+++ Source material +++

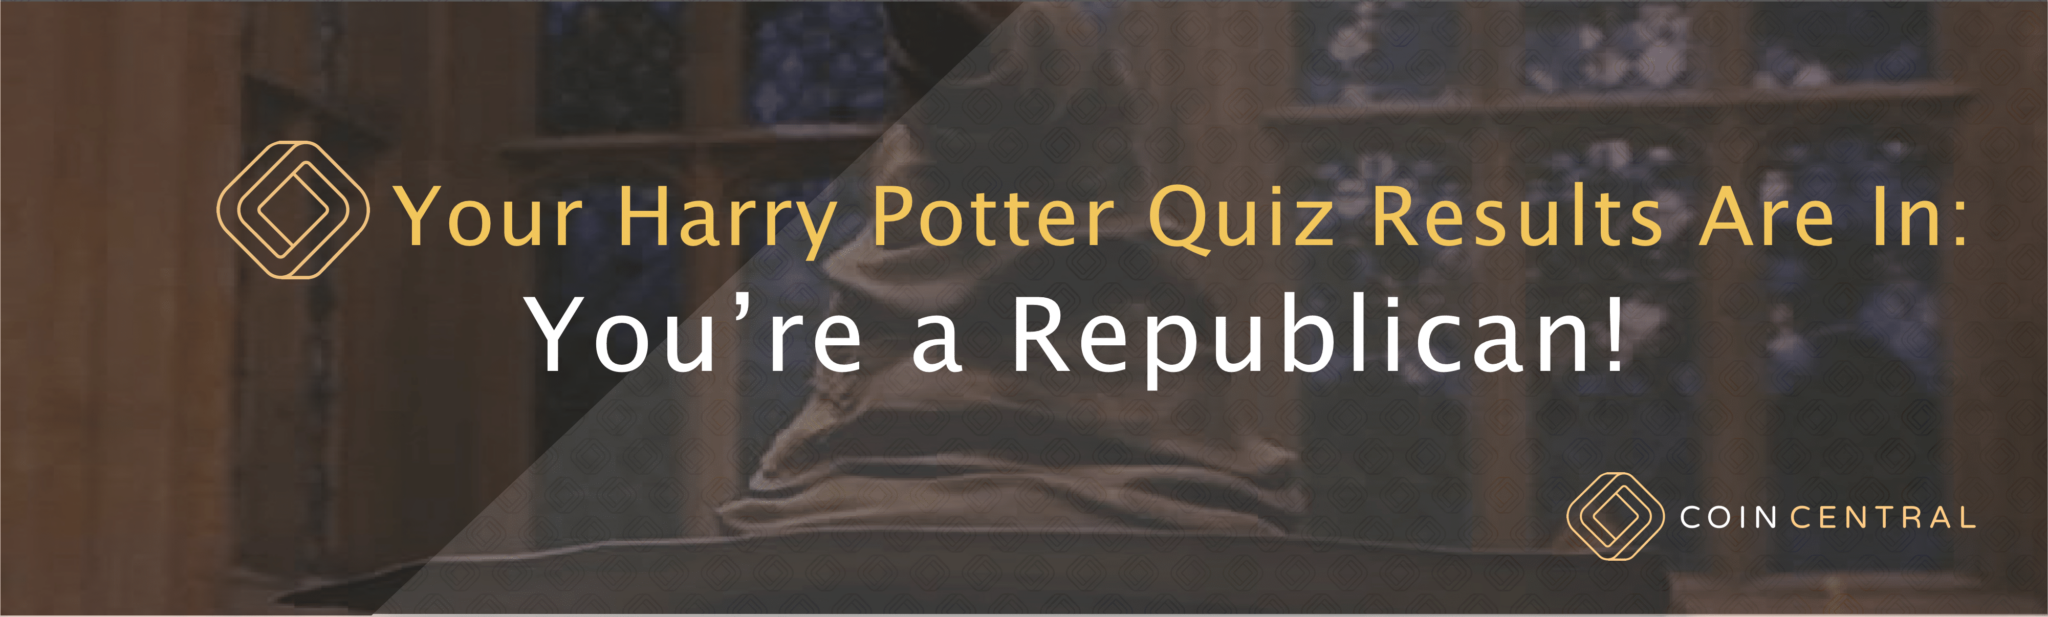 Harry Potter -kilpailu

+++
+++ Source material +++

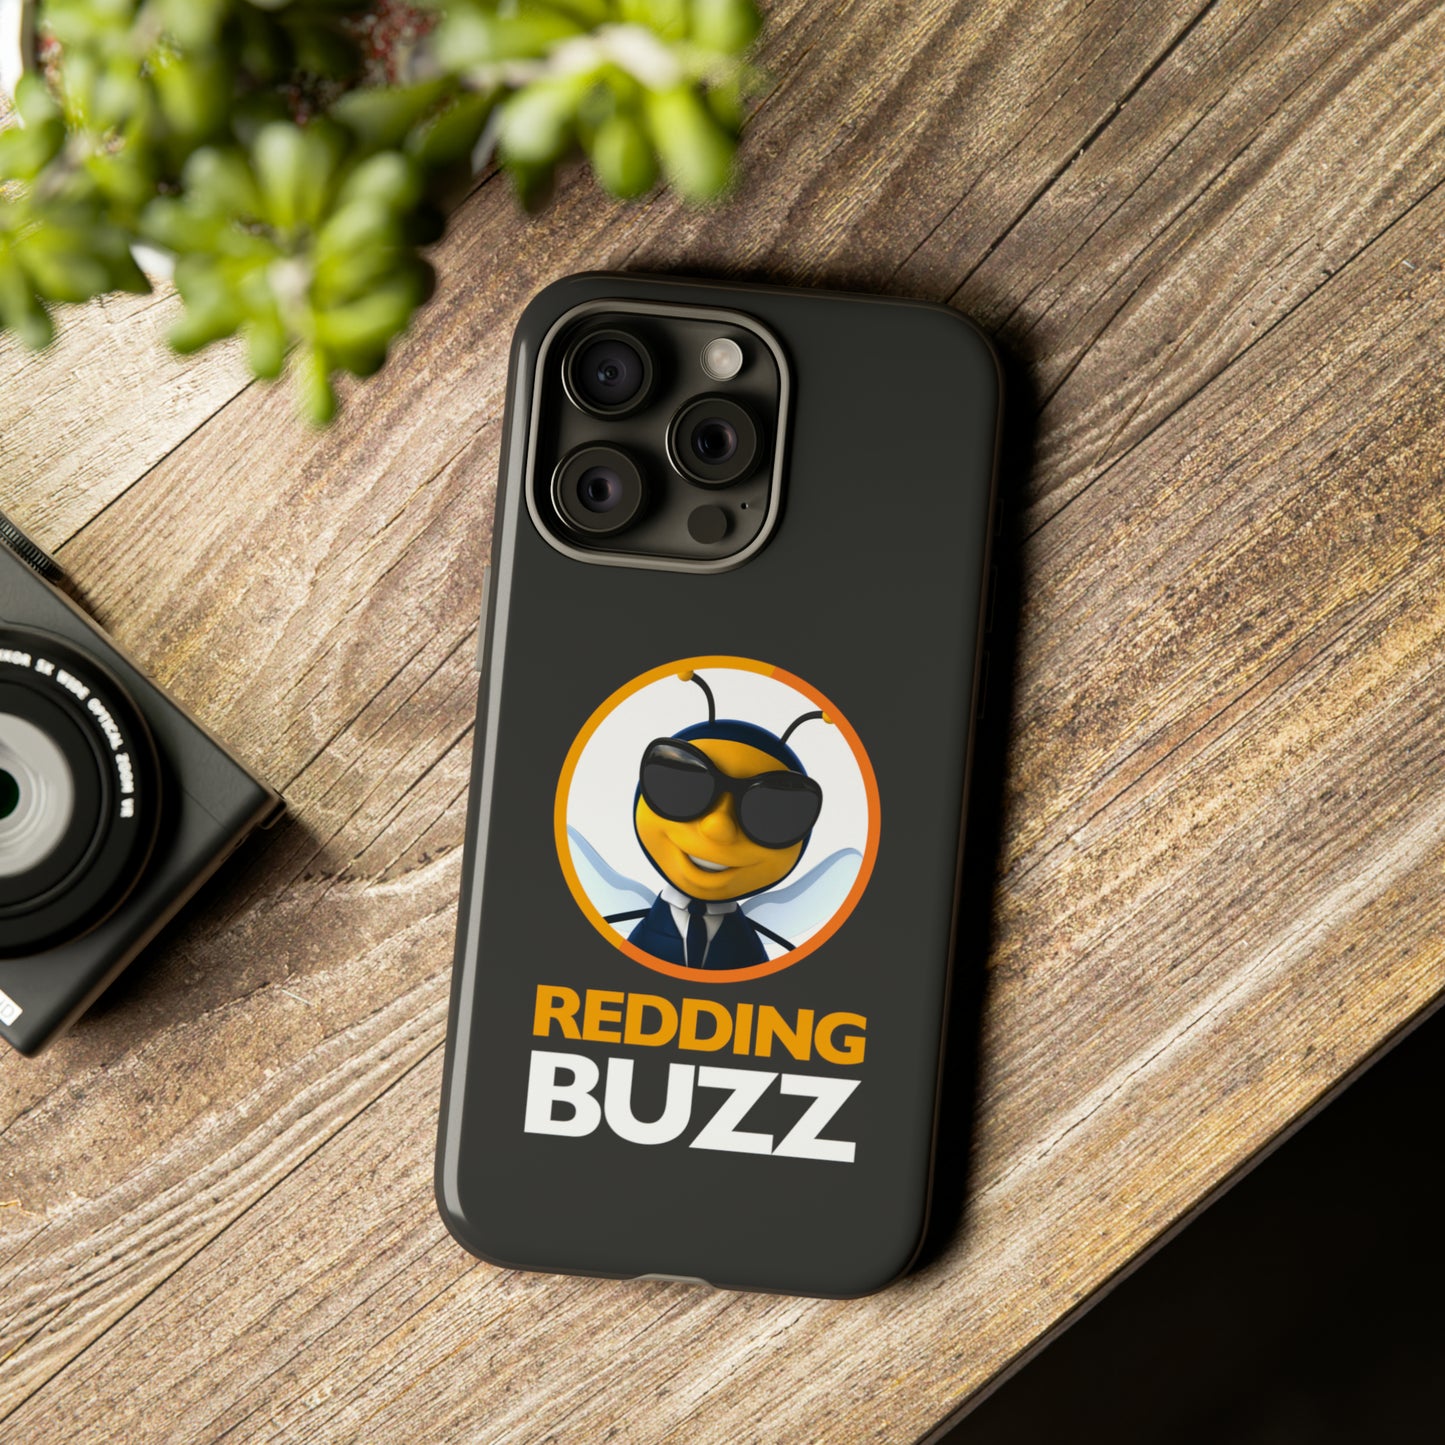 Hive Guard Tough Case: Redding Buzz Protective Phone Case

+++
+++ Source material +++

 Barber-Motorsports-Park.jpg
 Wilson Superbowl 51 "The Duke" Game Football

+++

- **Assignment**
Find the line with "Barber-Motorsports-Park.jpg" in the material above. Reproduce it and each line after it up to and including the line with "Wilson Superbowl 51".

- **Completed exercise**
 Barber-Motorsports-Park.jpg
 Wilson Superbowl 51 "The Duke" Game Football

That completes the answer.